Küfre razı olmak kişiyi küfre sürükler. Çünkü küfre rıza, küfürdür. Küfrü ve kâfiri kâfir olma noktasında beğenmek, takdir etmek de böyledir. Küfrü veya kâfiri sevmek, methiyeler yağdırmak da imanın sıhhatine mani ve engeldir. “Allah her şeye gücü yetendir.” ifadesi sadece dildeyse ve kalbini, hayatını çepeçevre kuşatmamış ise; mesela filan süper gücün, elde ettiği teknik imkânlarla her yerde hazır ve nazır olduğunu zannedip her şeye gücü yeter, şeklindeki bir inanç saplantısı içerisinde olan bir kişinin, imanını sorgulaması gerekir. Çünkü yegâne güç ve kuvvet sahibi Allah’tır. Allah’ı sever gibi aşırı derecede herhangi birini sevmek ve Allah’a ait bir kısım sıfatları sevdiği kişiye izafe etme hastalığına yakalanmak da iman sıhhatine engel teşkil eden hususlardandır. Çünkü mü’min en çok, Allah’ı ve Onun Rasûlünü sever. Allah’tan başkasını sevmesi yine Allah içindir.
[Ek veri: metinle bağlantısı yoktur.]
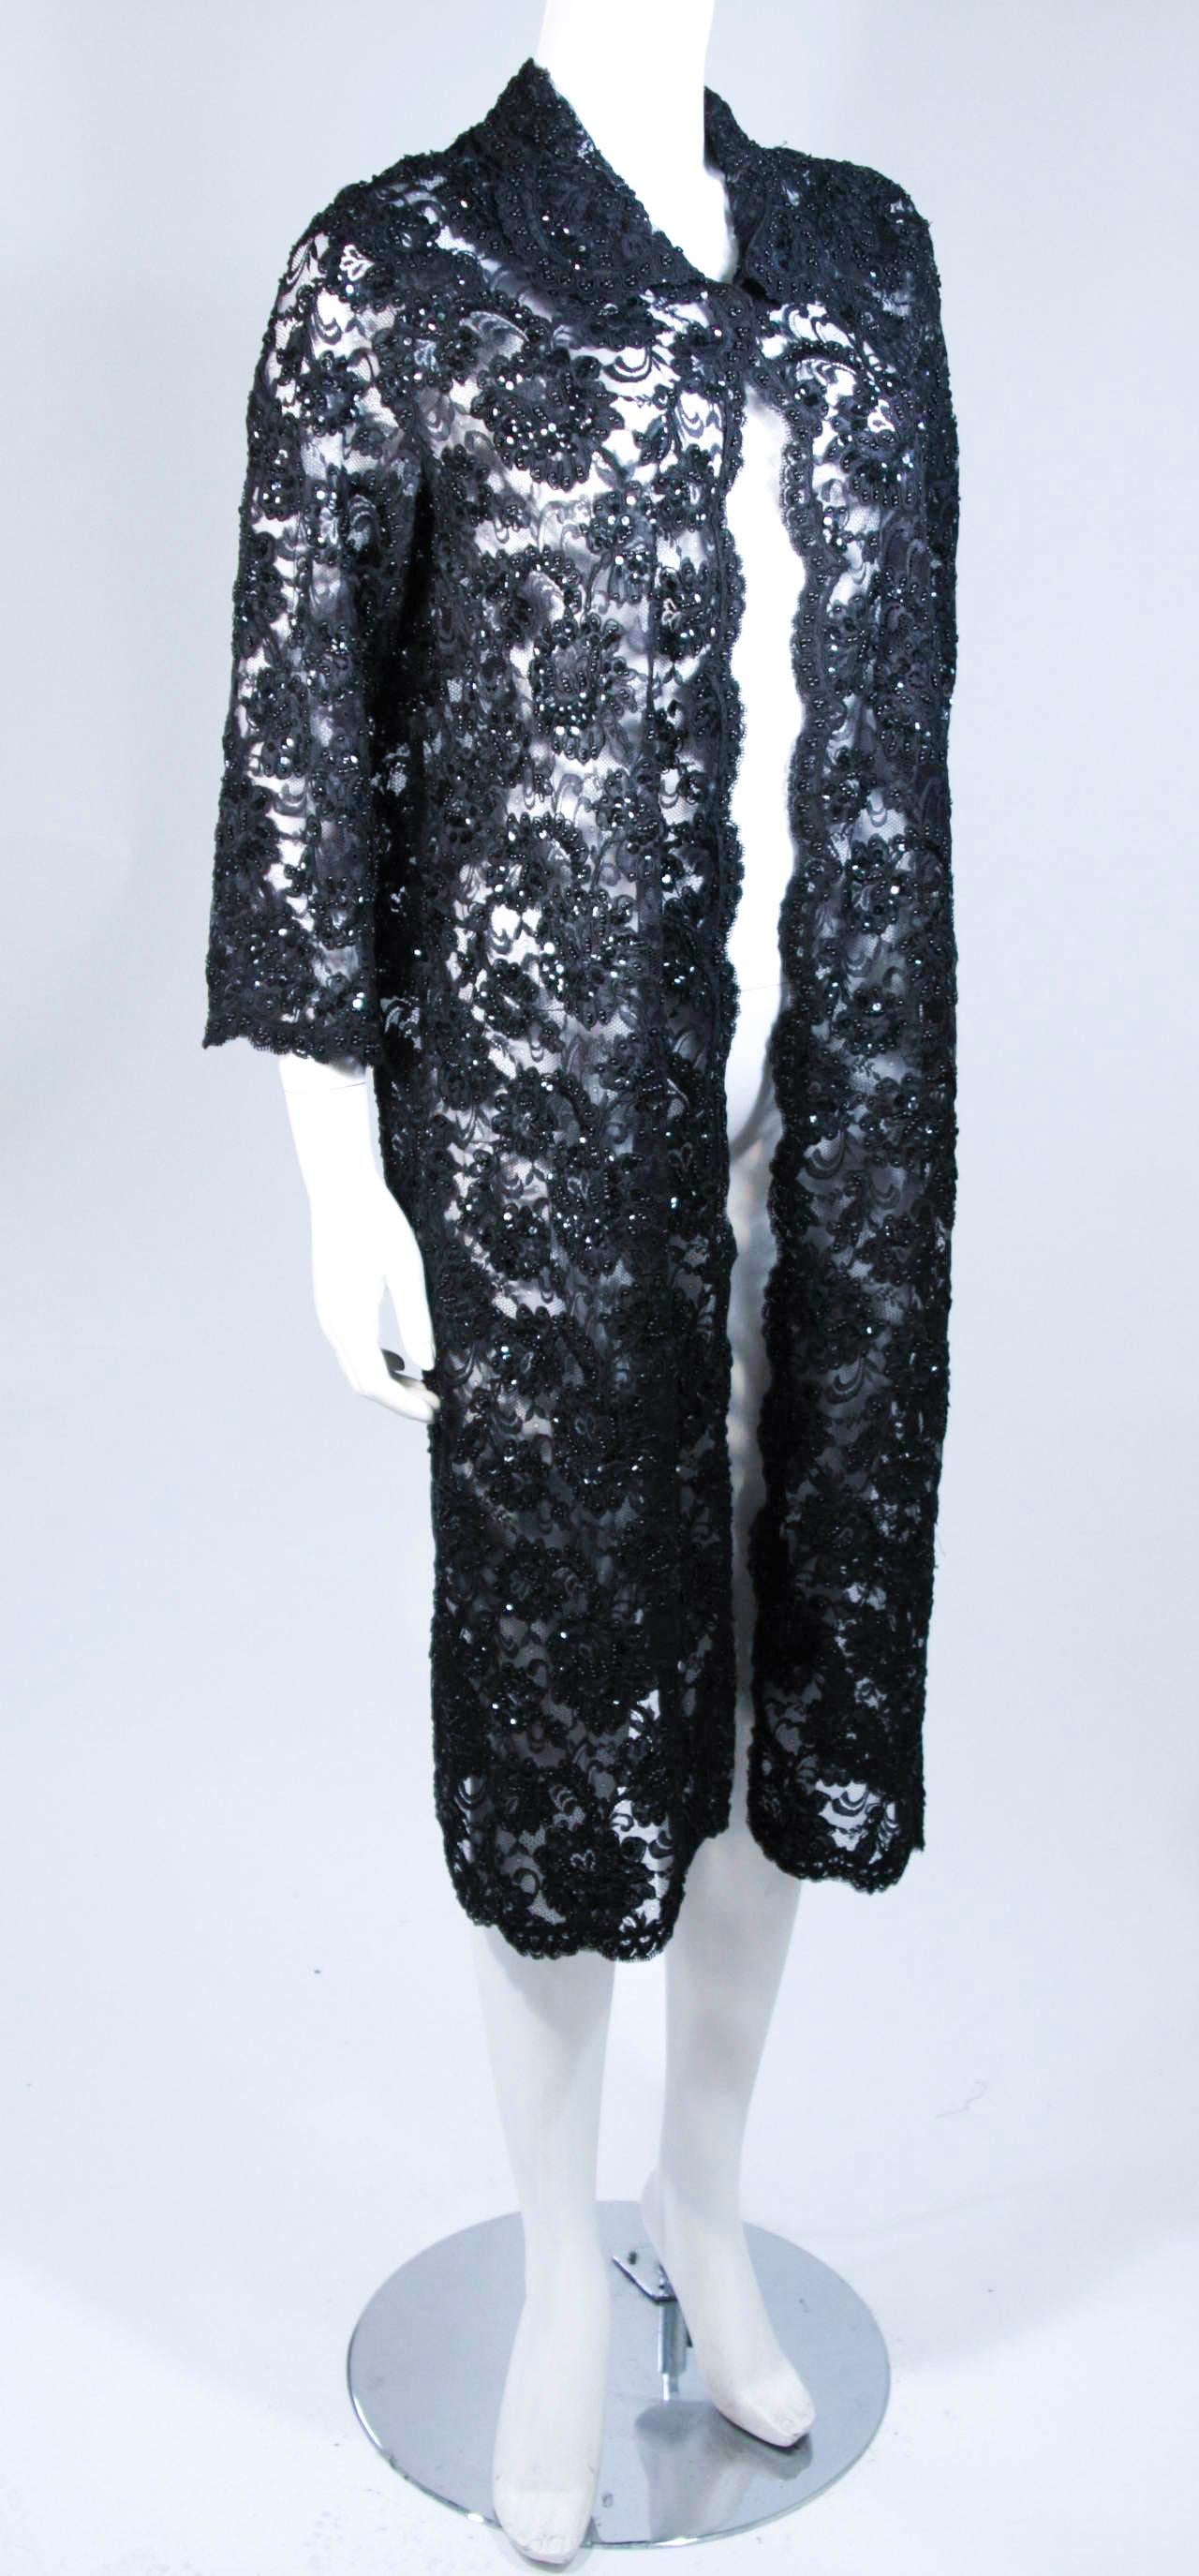 ELIZABETH MASON COUTURE Black Beaded Lace Evening Coat Made to Order For Sale 2

Ahmet b. Hanbel, Müslim ve Tirmizi’nin, Hz. Ebu Hureyre (r.a)’den naklettikleri bir hadis-i şerifte Efendimiz (s.a.v) şöyle buyuruyor: “Kapkaranlık (zifiri karanlık) bir gecenin parçaları gelip çatmadan, fitnelerin zulmetinde, fitne karanlığında (nur u iman için) salih ameller işlemeye koşunuz. (Bu tehlikelerden korunmak için salih ameller zırhına bürünün ve bu sayede imanınızı bu vahim tehlikelere karşı korumaya çalışınız.) (Çünkü) o zamanda, insan (oğlu), sabah mü’min iken akşama kâfir olarak ulaşmış; mü’min olarak geceye girerken bir de bakarsınız ki sabaha kâfir olarak çıkmıştır.” Maazallah. Hadiste geçen küfre düşme meselesinden kasıt; ya gerçekten küfre düşmek ya da kâfirlere benzeme hastalığına yakalanmak veya kâfir gibi yaşama hevesine kapılmak yahut kâfiri sevme, gâvur aşığı olma illetine saplanmak olabilir. Efendimiz (s.a.v) bu çok tehlikeli ve hızlı değişimin ana sebebini şöyle izah ediyor: “Çünkü o günün insanları dinini, dünyadan az bir şeye karşılık satarlar.”[10] Yani o dönemdeki insanlar aşırı bir dünyevileşme illetine yakalanacaklar; mal, mülk, makam, mevki, şan, şöhret ve şehvet uğruna manevî değerlerini heba edecek, demektir. Yazımı Efendimizin (s.a.v) güzel bir duası ile noktalamak istiyorum: “Ey Allah’ım! Ömrümün en hayırlı kısmı sana olsun. Amellerimin en hayırlısı sonuncuları olsun. Ve en hayırlı günümü sana ulaştığım gün kıl.” Âmîn…

 

[1] Fetih, 48/13.

[2] Haşr, 59/10.

[3] Enfâl, 8/72.

[4] Enfâl, 8/74.

[5] Mişkâtü’l-Mesâbih, c. 1, hadis no. 9.

[6] Kehf, 18/103-105.

[7] En‘am, 6/122.

[8] Münâfikûn, 63/8.

[9] Nisâ, 4/139.

[10] Keşfu’l-Hafâ, hadis no. 878, Mişkâtü’l-Mesâbih, hadis no. 5383.